Refiners tackle Tier 3 compliance at annual conference

Aug. 1, 2016
During the 2015 American Fuel and Petrochemical Manufacturers Q&A and Technology Forum (Oct. 4-7, New Orleans), US domestic and international refiners dedicated time to discussing trends in hydroprocessing operations, with an extended focus on issues of safety, phosphorous poisoning, and meeting the US Environmental Protection Agency's (EPA) more stringent Tier 3 gasoline standards that take effect Jan. 1, 2017.

During the 2015 American Fuel and Petrochemical Manufacturers Q&A and Technology Forum (Oct. 4-7, New Orleans), US domestic and international refiners dedicated time to discussing trends in hydroprocessing operations, with an extended focus on issues of safety, phosphorous poisoning, and meeting the US Environmental Protection Agency's (EPA) more stringent Tier 3 gasoline standards that take effect Jan. 1, 2017.

This annual meeting addresses real problems and issues refiners face in their plants and provides an opportunity for members to sort through potential solutions in a discussion with panelists and other attendees.

This is the first of three installments based on edited transcripts from the 2015 event. Part 2 in the series (OGJ, Sept. 5, 2016) will highlight discussion surrounding processes associated with crude-vacuum distillation and coking, while the final installment (OGJ, Oct. 3, 2016) will focus on fluid catalytic cracking (FCC).

The session included six panelists comprised of industry experts from refining companies and other technology specialists responding to selected questions and then engaging attendees in discussion of the relevant issues (see accompanying box).

The only disclaimer for panelists and attendees was that they discuss their own experiences, their own views, and the views of their companies. What has worked for them in their plants or refineries might not be applicable to every situation, but it can provide sound guidelines for what would work to address specific issues.

Valero Energy Corp. in March 2016 completed a $40-million project to expand capacity by 15,000 b/d at the gas oil hydrocracker of its St. Charles refinery in Norco, La.
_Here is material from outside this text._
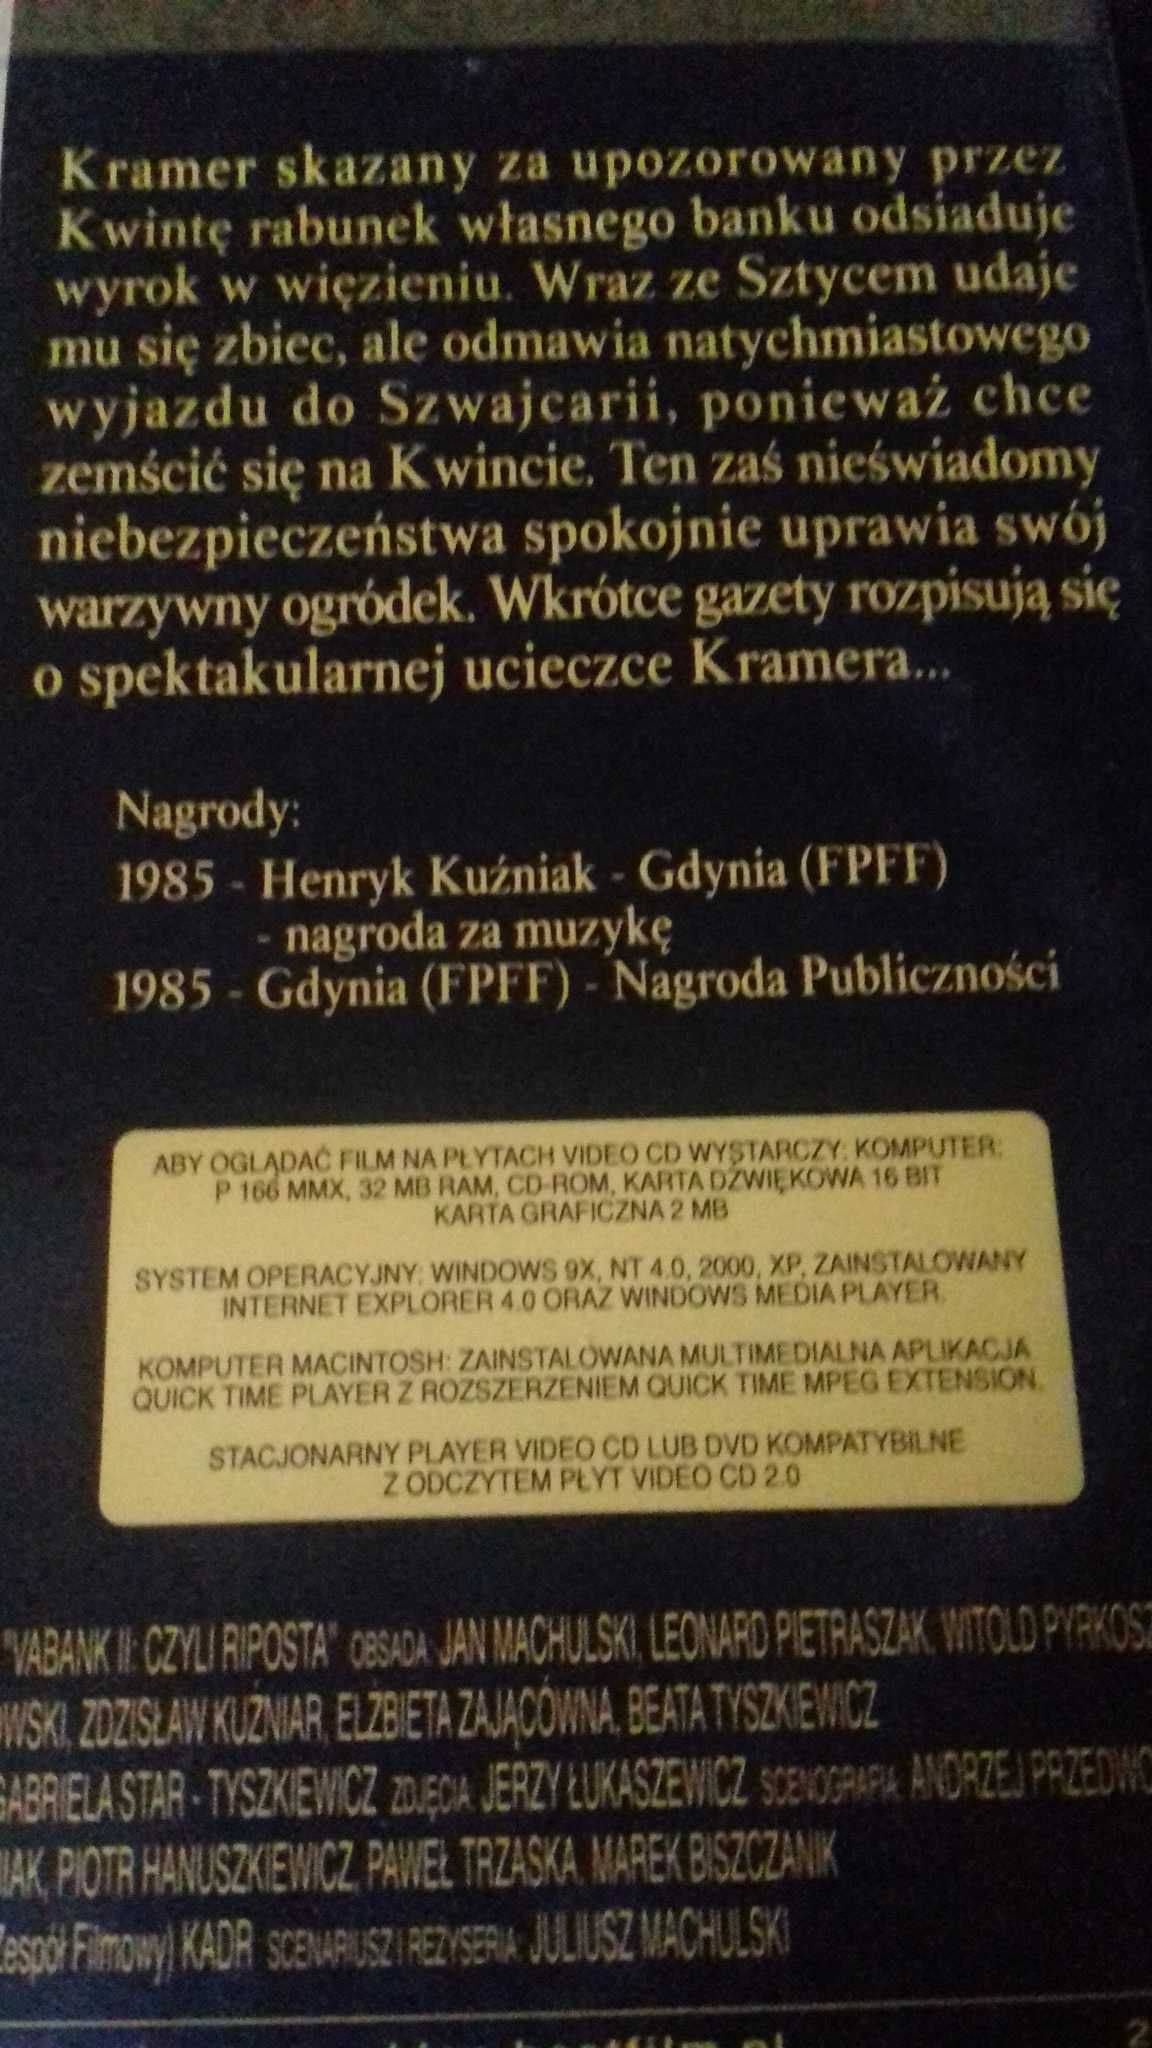 "Vabank II, czyli riposta" płyta video cd

Photograph from Valero.

Safety

What are the likely causes for temperature excursion events in a hydrogen plant?

Epstein Hydrogen plant temperature excursions are possible in several of the catalyst vessels and are usually observed in association with the water-gas shift reaction. During normal operation, the high, medium, and low-temperature shift reactors display an exothermic reaction. Changes to feed quality can increase this exotherm and cause the operating temperature to exceed the maximum allowable working temperature. A critical alarm on a high-reactor discharge temperature is typically used to protect against this condition, with precursor alarms as needed.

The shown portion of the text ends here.